2. pendekatan kualitatif : Pendekatan ini lebih memberikan perhatian kepada kesejahteraan peserta didik. . Asumsi dari pendekatan ini adalah, jika peserta didik senang dan sejahtera, maka mereka dapat belajar dengan baik serta senang juga untuk mengembangkan diri mereka sendiri di lembaga pendidikan seperti sekolah. Pendekatan ini juga menekankan perlunya penyediaan iklim yang kondusif dan menyenangkan bagi pengembangan diri secara optimal.
Di antara kedua pendekatan tersebut, tentu dapat diambil jalan tengahnya, atau sebutlah dengan pendekatan padu. Di satu pihak siswa diminta untuk menyelesaikan tugas-tugas berat yang berasal dari lembaganya, tetapi di sisi lain juga disediakan iklim yang kondusif untuk menyelesaikan tugasnya. Dengan kata lain kedua pendekatan tersebut dapat saling dipadukan untuk saling melengkapi.
2013053066
Izin menambahkan jawaban dari pertanyaan perhanda
Menurut saya, kedua pendekatan yang sudah disebutkan sangat berhubungan dan berkaitan erat untuk diterapkan bagi peserta didik. Kedua pendekatan ini saling melengkapi, karena kedua pendekatan tersebut dapat menyeimbangkan antara kegiatan akademik dan non akademik peserta didik di sekolah. Pendekatan kuantitatif diperlukan untuk memenuhi tuntutan-tuntutan dan harapan-harapan lembaga pendidikan di tempat peserta didik berada. Namun, juga diperlukan pendekatan kualitatif untuk mengembangkan potensi diri peserta didik di lembaga pendidikan.
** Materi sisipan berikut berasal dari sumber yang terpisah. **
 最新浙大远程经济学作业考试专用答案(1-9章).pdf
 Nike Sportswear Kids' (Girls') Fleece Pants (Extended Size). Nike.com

Maka penggunaan pendekatan kualitatif dan kuantitatif tersebut tergantung kondisi dan keadaan sekolah dalam mengatasi dan mengelola para peserta didiknya.
Terima Kasih
Di makalah disebutkan tentang layanan khusus seperti layanan bimbingan konseling, kantin, perpustakaan, layanan kesehatan, transportasi dan asrama. Lalu bagaimana bila sekolah tidak memiliki salah satu layanan tersebut contohnya tidak memiliki transportasi untuk mengantar jemput siswa, apakah manajemen peserta didik pada sekolah tersebut bisa berjalan dengan baik?
Terima kasih.
NPM : 2013053127
Izin menjawab pertanyaan Sinta,
Layanan khusus pada sebuah lembaga pendidikan bertujuan untuk memberikan fasilitas yang memadai dan menunjang potensi peserta didik. Menurut kelompok kami, jika suatu lembaga pendidikan tidak memiliki transportasi untuk mengantar jemput siswa, manajemen pada sekolah tersebut masih berjalan dengan baik. Karena pada saat ini, peserta didik banyak menggunakan kendaraan pribadi dan antar jemput oleh kedua orang tuanya. Namun, alangkah baiknya suatu sekolah memberikan tranportasi untuk peserta didik karena Layanan transportasi sekolah digunakan untuk fasilitas antar jemput bagi pengguna layanan yaitu peserta didik. Layanan transportasi sekolah memudahkan akses kesekolah bagi peserta didik yang tempat tinggalnya jauh dari sekolah. Layanan transportasi sekolah membantu peserta didik untuk tepat waktu dalam masuk maupun pulang sekolah. Transpotasi sekolah sangat membantu orang tua peserta didik yang memiliki kesibukan pekerjaan. Peserta didik yang bertempat tinggal jauh dapat dijangkau dengan adanya layanan tranportasi sekolah. Keberadaan layanan transportasi sekolah ini dapat membuat kenyamanan dan keamanan bagi orangtua peserta didik. Peserta didik dapat datang dan pulang tepat waktu. Akan tetapi, jika suatu sekolah tidak memiliki layanan seperti perpustakaan maka akan mempengaruhi dari manajemen pembelajaran peserta didik di sekolah. Terimakasih
Izin menambahkan
Menurut saya manajemen peserta didik tetap dapat berjalan dengan baik. Layanan transportasi antar jemput memang sangat baik dan bermanfaat bagi siswa untuk mewujudkan keselamatan dan keamanan, efisiensi, keadilan serta pelestarian lingkungan. tetapi untuk mewujudkannya dibutuhkan biaya yang cukup besar, seperti yang kita tahu bahwa biaya fasilitas pendidikan di Indonesia tidak besar sehingga sekolah-sekolah (terkhususnya sekolah negeri) pasti kesulitan untuk mewujudkan adanya layanan transportasi. Oleh sebab itu para pelajar di Indonesia kebanyakan menggunakan layanan transportasi pribadi, dan menurut saya itu tidak menghambat terjadinya manajemen peserta didik dan untuk yang rumahnya jauh biasanya akan diantar dan dijemput oleh orang tua atau ngekos. dengan hal itu, kegiatan sekolah masih tetap bisa berjalan dengan baik.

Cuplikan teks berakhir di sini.